After launching the pipeline, a status view will show, whether the execution was carried out incorrectly or completed successfully. In the same way, we can enter the CodeBuild to have a more detailed view of what is happening within the execution, this only by selecting the Build option in the pipeline.
We can also see previous CodePipeline runs by choosing the History view on the navigation pane on the left. This view is also helpful for viewing multiple concurrent CodePipeline executions.
The pipeline will fail in the first creation attempt due to the user's lack of permissions, so if this error occurs, it is necessary to assign the required permissions for this deployment.
Once the pipeline is executed, it generates an error because the role cannot create the resources and access to S3 and the Dynamo table. Therefore it is necessary to modify the role used by CloudBuild.
- Navigate to the IAM Console, and then choose Roles from the navigation pane.
- Search for the CodeBuild service role, select it, and then choose Add inline policy.
- Choose the JSON tab and paste it into the following policy. Ensure you populate the Resources section of the policy with the ARN of your S3 Bucket, and DynamoDB table created.
- Choose Review policy, enter a name for the inline policy, and then select Create policy.

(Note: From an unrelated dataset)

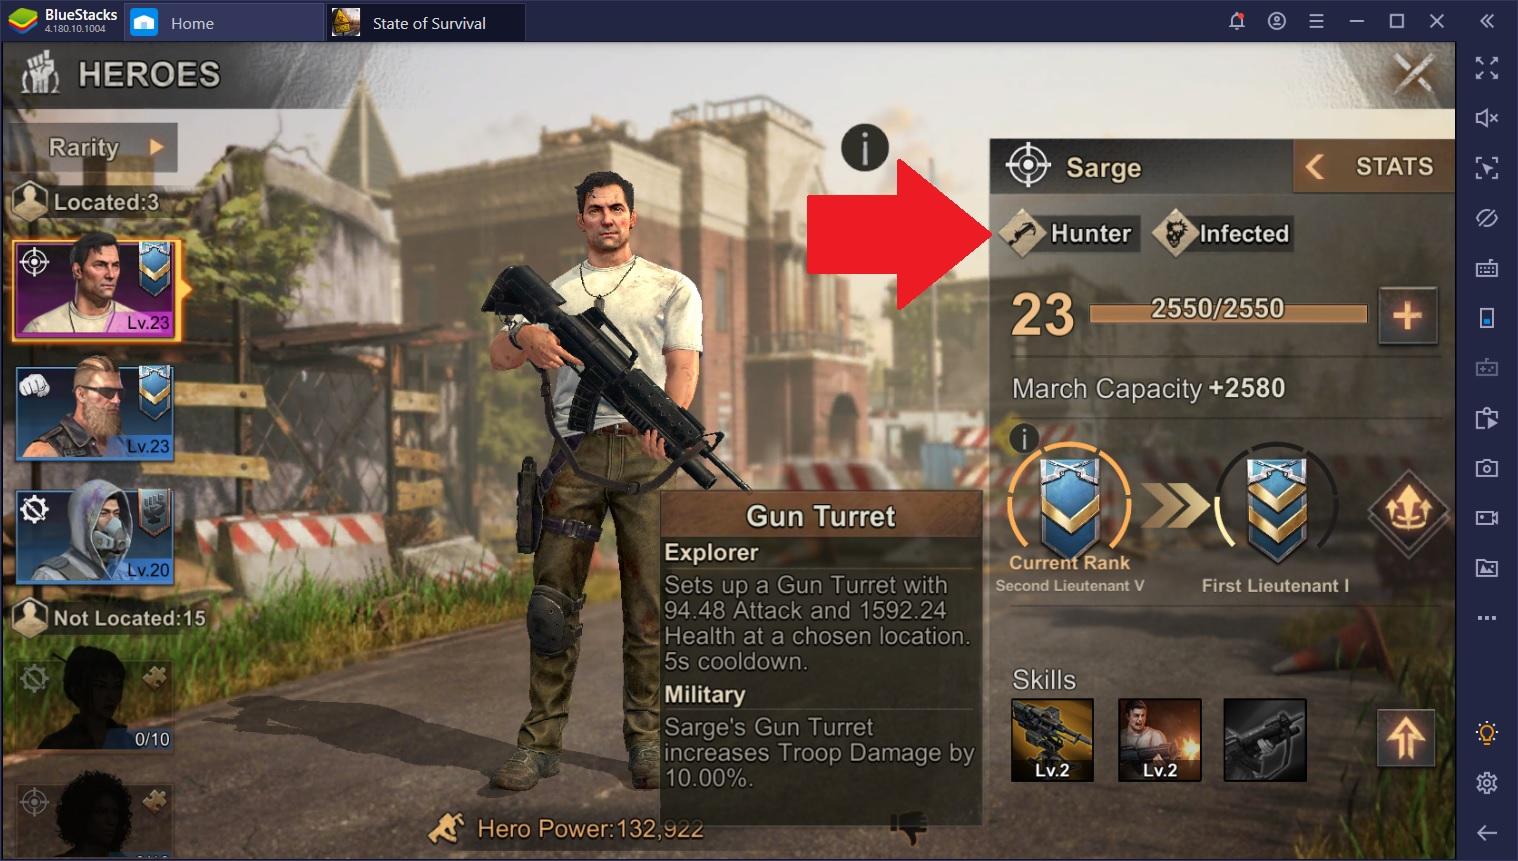 Hướng dẫn chơi State of Survival trên PC: Mẹo giành chiến thắng trong Explorer Trail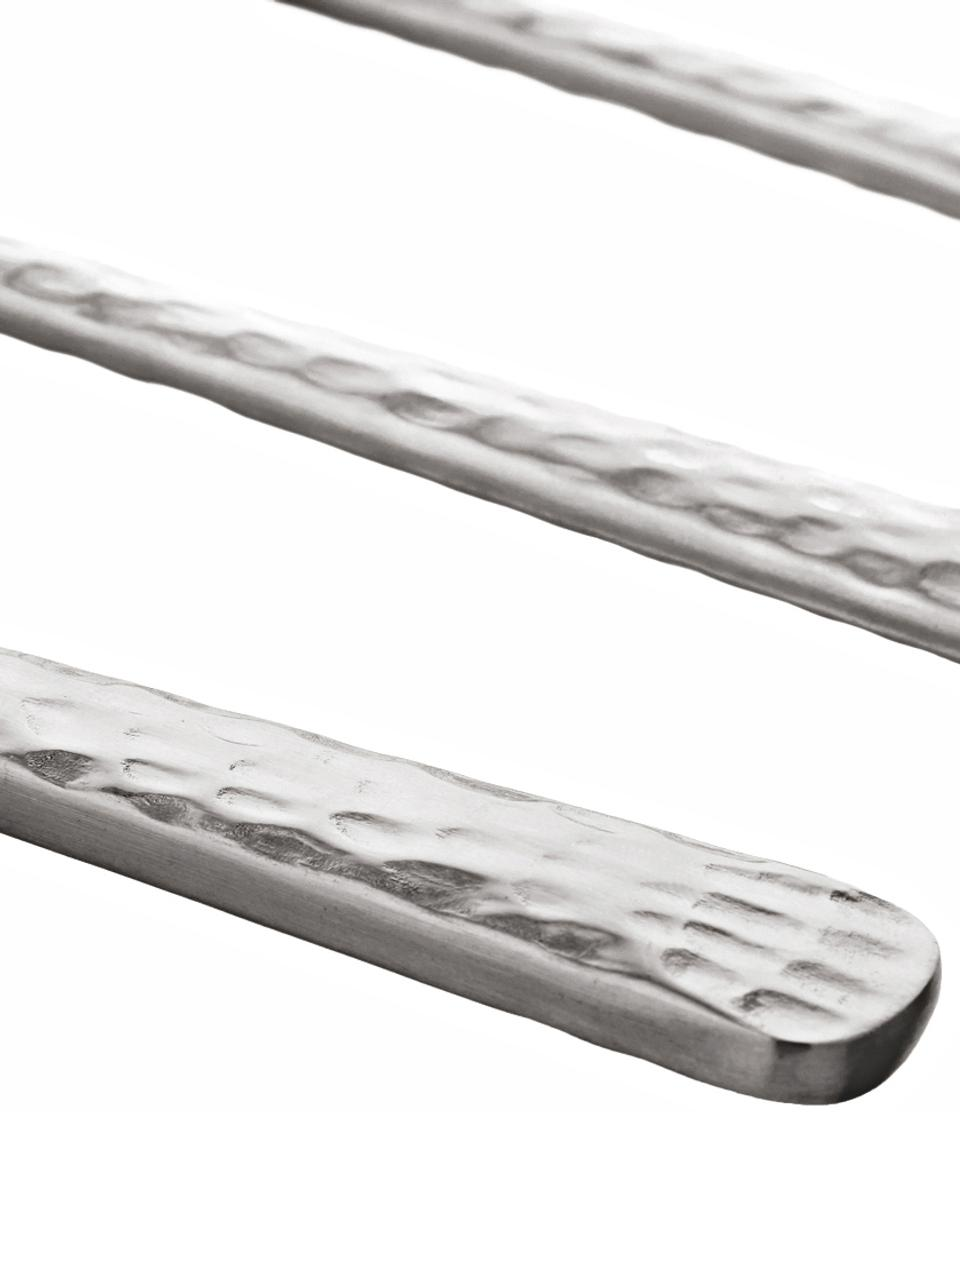 Ménagère en acier inoxydable avec manche martelée Hune, 4 personnes (16élém.), Acier

Deploy resources with CodePipeline
Having completed the steps above, we can now relaunch the pipeline.
- Navigate to the CodePipeline console, and then select the pipeline.
- Release change.
- This will generate a new Build.
- AWS CodeBuild offers the ability to have visibility into your process. By selecting the option within AWS CodePipeline, you can see the output information that Terraform is generating and errors, environment variables, and logs.
- After a successful deployment, navigate to the AWS console and find the resources created by the pipeline.
- In this way, resources are created automatically in AWS with Terraform.
Conclusion: The Benefit of Setting Up an Integration of AWS with Terraform for CICD Pipeline
In this article, we learned how to use AWS Developer Tools to create a CI/CD pipeline that we can use to automate AWS Terraform deployments of infrastructure. By using Terraform and CI/CD, the engineers can:
- Reduce human error and increase automation by provisioning infrastructure as code.
- Provision infrastructure across 300+ public clouds and services using a single workflow.
- Deliver consistent testing, staging, and production environments with the same configuration.